Yes. This interview is fairly short. I guess we're approaching the end. The big market is -- as always, is, of course, U.S. And it's also more of a unified market. It's clear that you are in the process of starting recruiting patients. Texas is first out; and it will involve some, is it, 12 to 15 centers. And with the experience from Europe and that amount of centers to be included once approved, is it fair to -- is it reasonable expectations that the start and the launch will be more dynamic in this larger market?

Søren Tulstrup

executive
#25

That's an excellent question. So clearly the U.S. market is very attractive given its size and the overall dynamics and properties of that market. It's a similar-sized market in terms of volume. Typically you see higher values in the U.S. market. There is very strong interest from the U.S. centers to participate. Unfortunately, we didn't get access straightaway to the U.S. We have aligned with the FDA now around this limited study, a very focused study, that we need to run in 64 patients and that we believe will qualify us to submit a biologics license application in the U.S. under the so-called accelerated approval pathway by first half of 2024. So we have a clear line of sight to potential approval in the U.S., and working with these centers is an excellent way to actually generate the type of experience we just discussed we need to generate in Europe. That will be generated now through this clinical trial, which is very helpful. And based on that, you would expect a somewhat faster uptake in the U.S. when we eventually, hopefully, get approved.

Johan Unnerus

analyst
#26

And also, by then, you will have some complementary long-term experience like filtration data and graft survival and so on.
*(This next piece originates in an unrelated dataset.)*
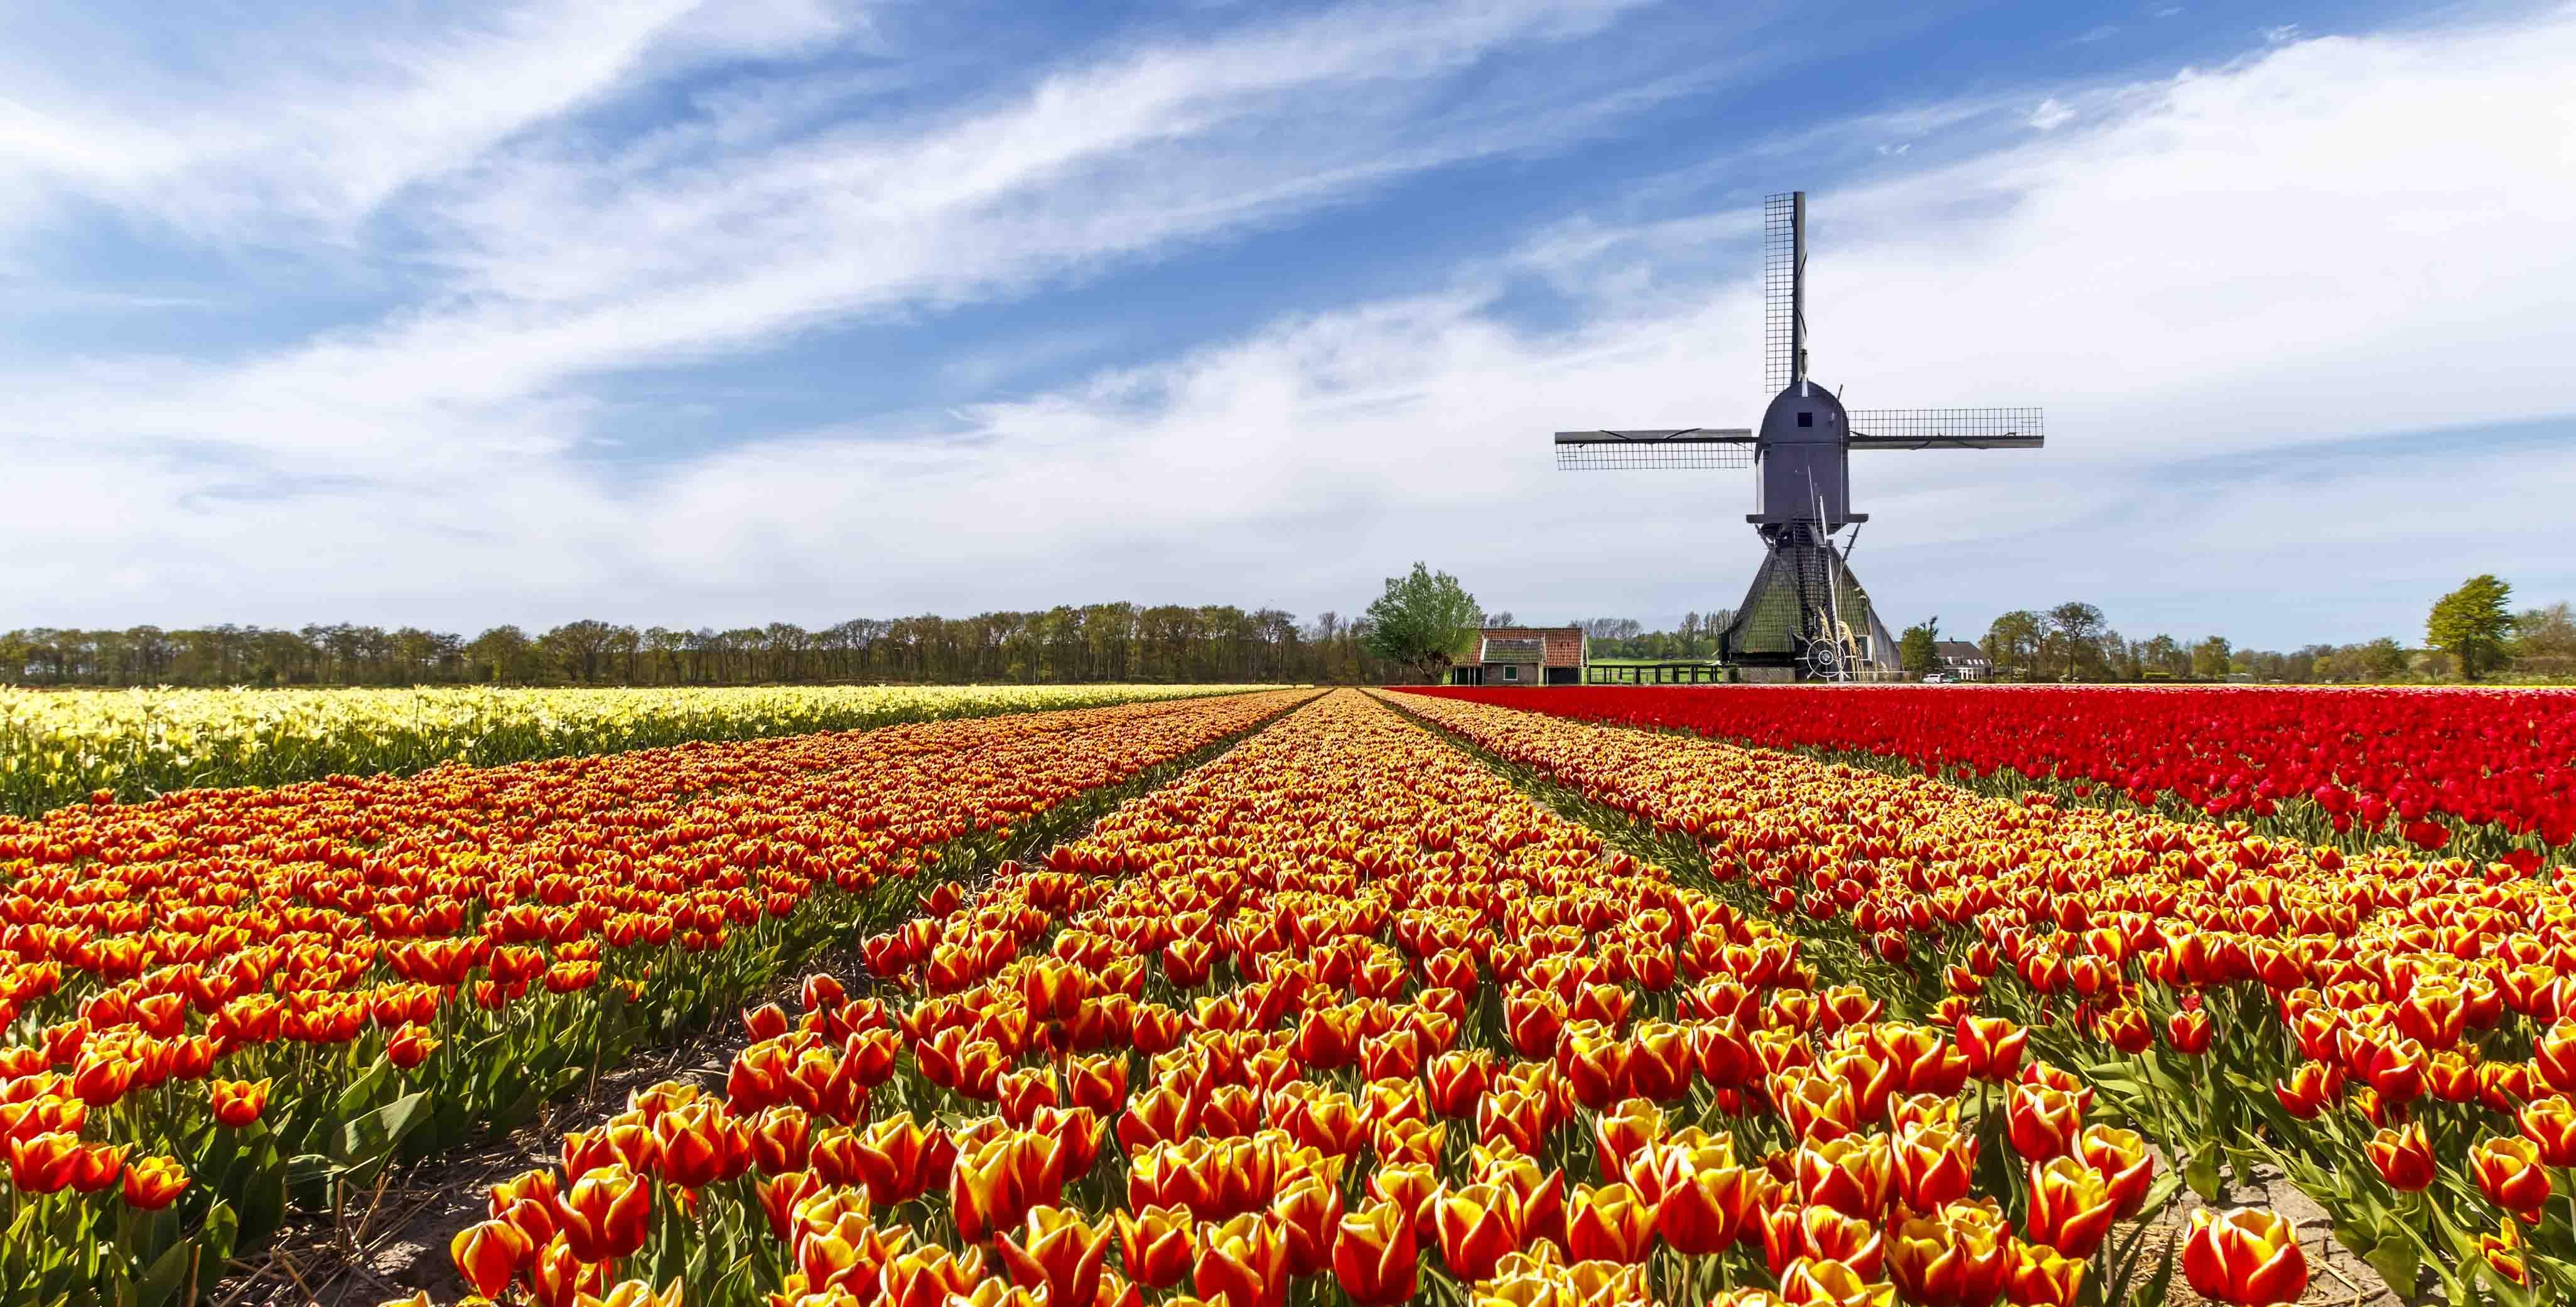 Images Of Beautiful Gardens Amsterdam And The Keukenhof Bulb Fields Osprey Holidays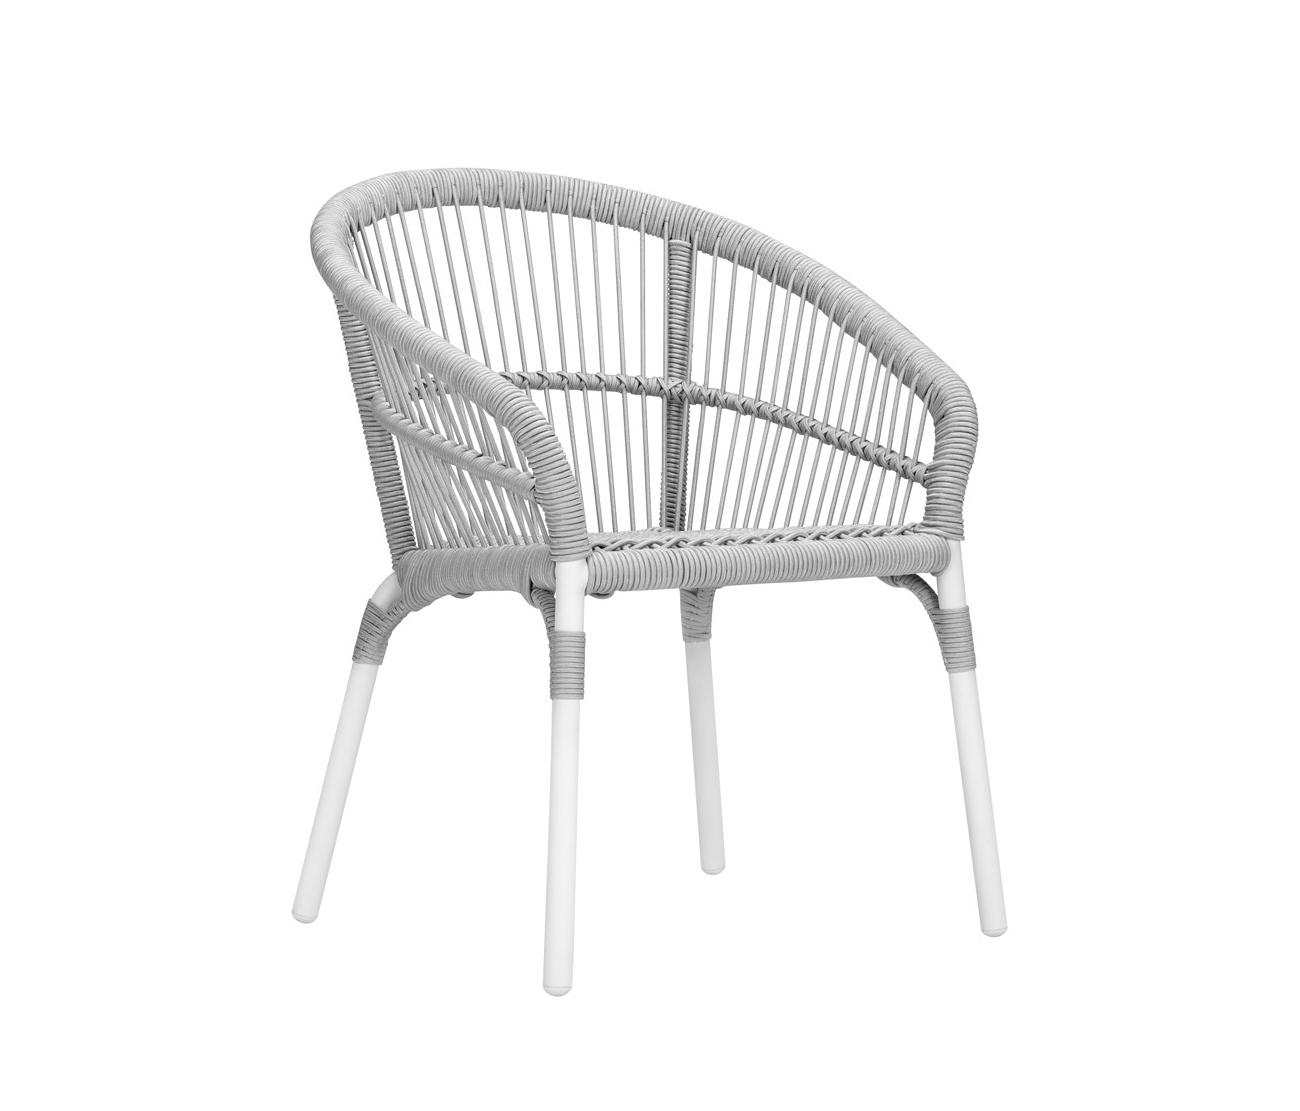 NEXUS ARMCHAIR By JANUS Et Cie | Chairs ...

And we saw recently that you had 3-year experience, and that was pretty solid...

Søren Tulstrup

executive
#27

Very solid, very encouraging, very encouraging. So yes, you're right. That will continue to evolve. We're generating additional data in Europe. Obviously we'll have data from the commercial uptake, if you will, but also the post-approval study that we are initiating in Europe in approximately 100 patients. And we'll run it over several years. That will also generate good data. So all of this is supporting also an eventual potential launch in the U.S. and other markets. I mean let's not forget that there is very strong potential outside of Europe and the U.S. Look at Latin America. Look at Asia Pacific. There are some very important and attractive markets there as well that we're also looking at.

Johan Unnerus

analyst
#28

Yes. I believe you already initiated the filing in some of these market. Wasn't it Israel and -- yes.

Søren Tulstrup

executive
#29

That's correct, exactly, yes.

Johan Unnerus

analyst
#30

Excellent. Thank you so much for today. Good luck going forward.

Søren Tulstrup

executive
#31

Thank you. Thanks. Been a pleasure being here. Thanks so much. Bye-bye.